Consider the air over a city to be a box 100km on a side that reaches up to an altitude of 1.0 km. THe air is blowing into the box along one of its sides with a speed of 4 m/s. Suppose an air pollutant with a reaction rate of K = 0.20/hr is emitted into the box at a total mass loading rate of 10 kg/s. Find the steady state concentration if the air in the box is assumed to be perfectly mixed.
V= 100*100*1 = 10000 km^3
Q = 4/1000*1*100 = 0.4 km^3/s
m (loading) = 10kg/s, k = 0.20/hr
1 km^3 = 10^12 L (if u want kg/L as concentration)
Cin = 10kg/s / 0.4 km^3/s = 25 kg/km^3
for CSTR: Cout = Cin/(1+k*t), t = V/Q = 25000 s or 6.94 hr
Cout = 25/(1+0.20*6.94) = 10.47 kg/km^3
Well, well, well, looks like we have a pollution problem blowing in! Let's crunch some funny numbers to find the steady state concentration of this air pollutant, shall we?
First, we need to find the volume of our box. With sides of 100km and an altitude of 1.0km, the volume is 100 km * 100 km * 1.0 km.

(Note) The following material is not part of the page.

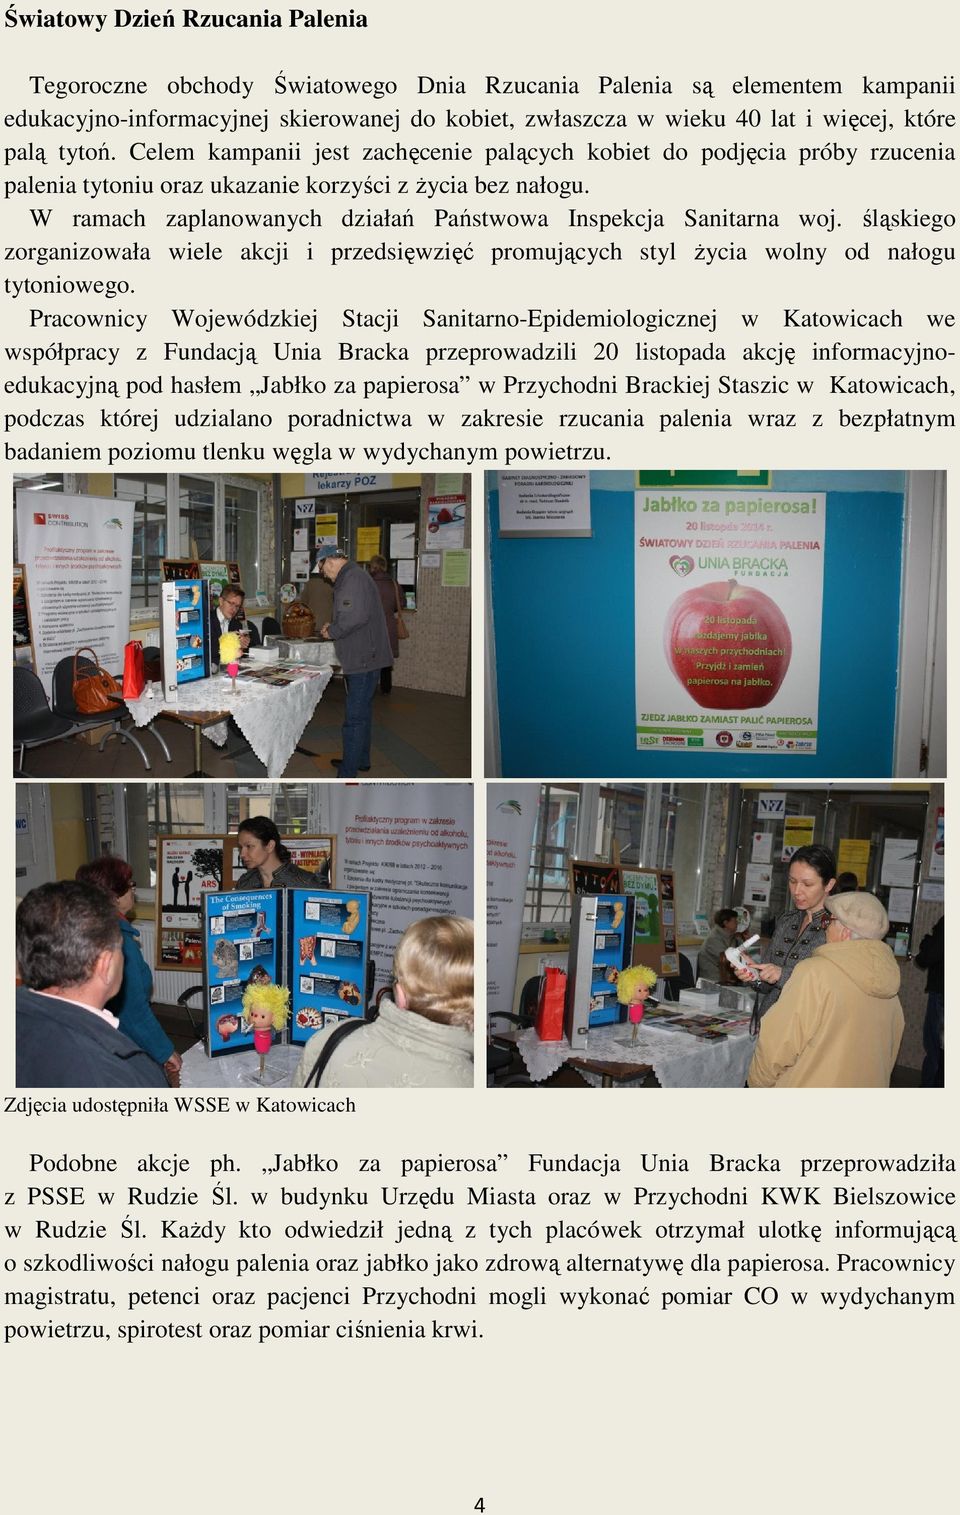 W ramach zaplanowanych działań Państwowa Inspekcja Sanitarna woj. śląskiego zorganizowała wiele akcji i przedsięwzięć promujących styl życia wolny od nałogu tytoniowego.

But hold your breath, we need to convert that into cubic meters! 100 km * 1000 m/km * 1000 m/km * 1.0 km = 10^12 m^3. Phew, that's a big volume!

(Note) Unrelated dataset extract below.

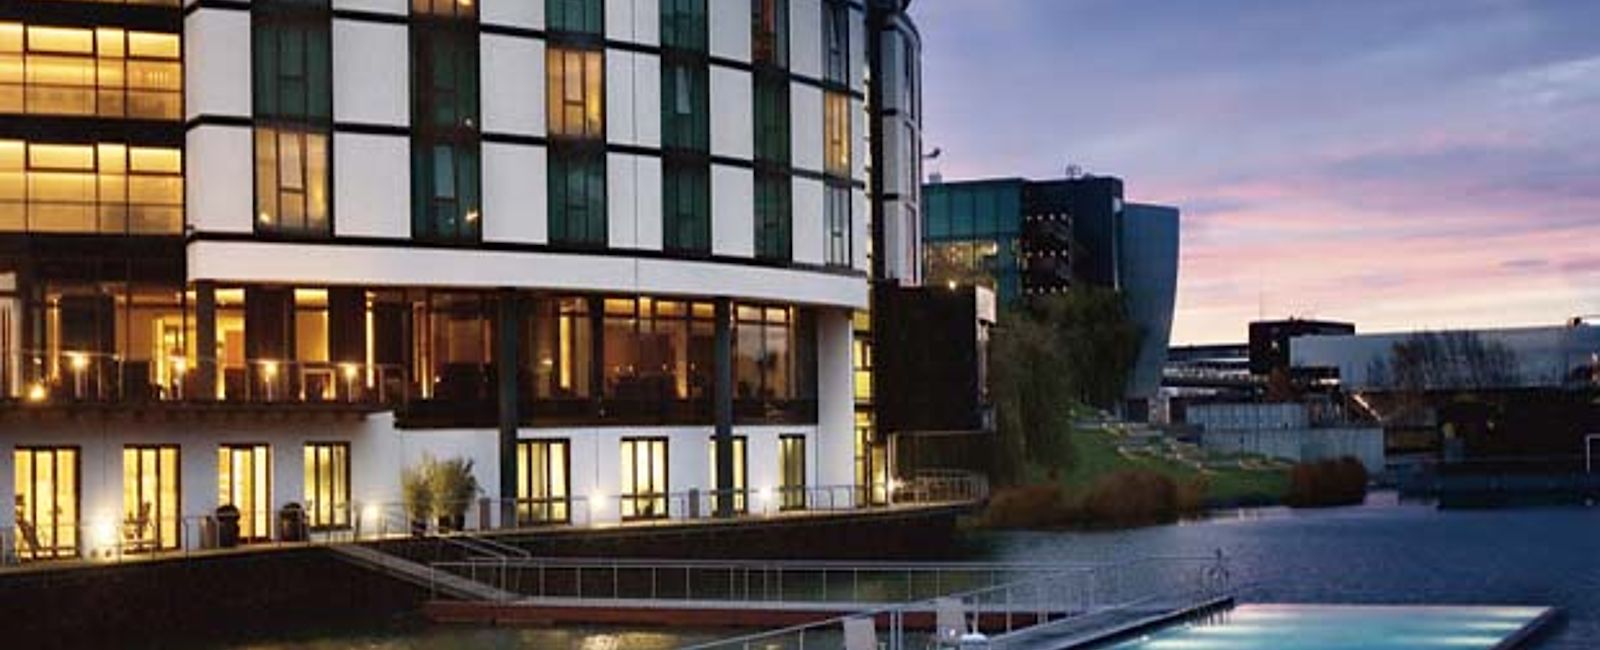 HOTEL TIPPS
 The Ritz-Carlton Wolfsburg 
 Exklusives Design-Hotel mit kulinarischen Köstlichkeiten

Now, let's consider the mass loading rate of this pollutant. They're spewing it in at 10 kg/s. Don't worry, it's just a number, not the smell! So, in 1 hour, that would be 10 kg/s * 3600 s/hr = 36,000 kg/hr. Time to convert that into grams, because why not? 36,000 kg/hr * 1000 g/kg = 36,000,000 g/hr. We're getting heavy here!
Since the air is perfectly mixed, the steady state concentration is the mass loading rate divided by the volume. So, that would be 36,000,000 g/hr / 10^12 m^3. Let's put that on a weight loss program and convert g/hr into g/m^3. 36,000,000 g/hr / 10^12 m^3 = 3.6 x 10^-5 g/m^3. Ta-daaa!
So, the steady state concentration of this air pollutant is 3.6 x 10^-5 g/m^3. It's not a laughing matter, though. Let's make sure we take pollution seriously and do our part to keep the air clean and fresh!
To find the steady-state concentration of the air pollutant in the box, we need to calculate the rate at which the pollutant is being removed from the box and then use that information to find the concentration.
1. Calculate the volume of air in the box:
The volume of a rectangular box is given by V = length x width x height. In this case, the length, width, and height of the box are all 100 km (since it is a cube). Convert 100 km to meters: 100 km = 100,000 meters.
So, V = (100,000) x (100,000) x (1000) = 1 x 10^15 m^3.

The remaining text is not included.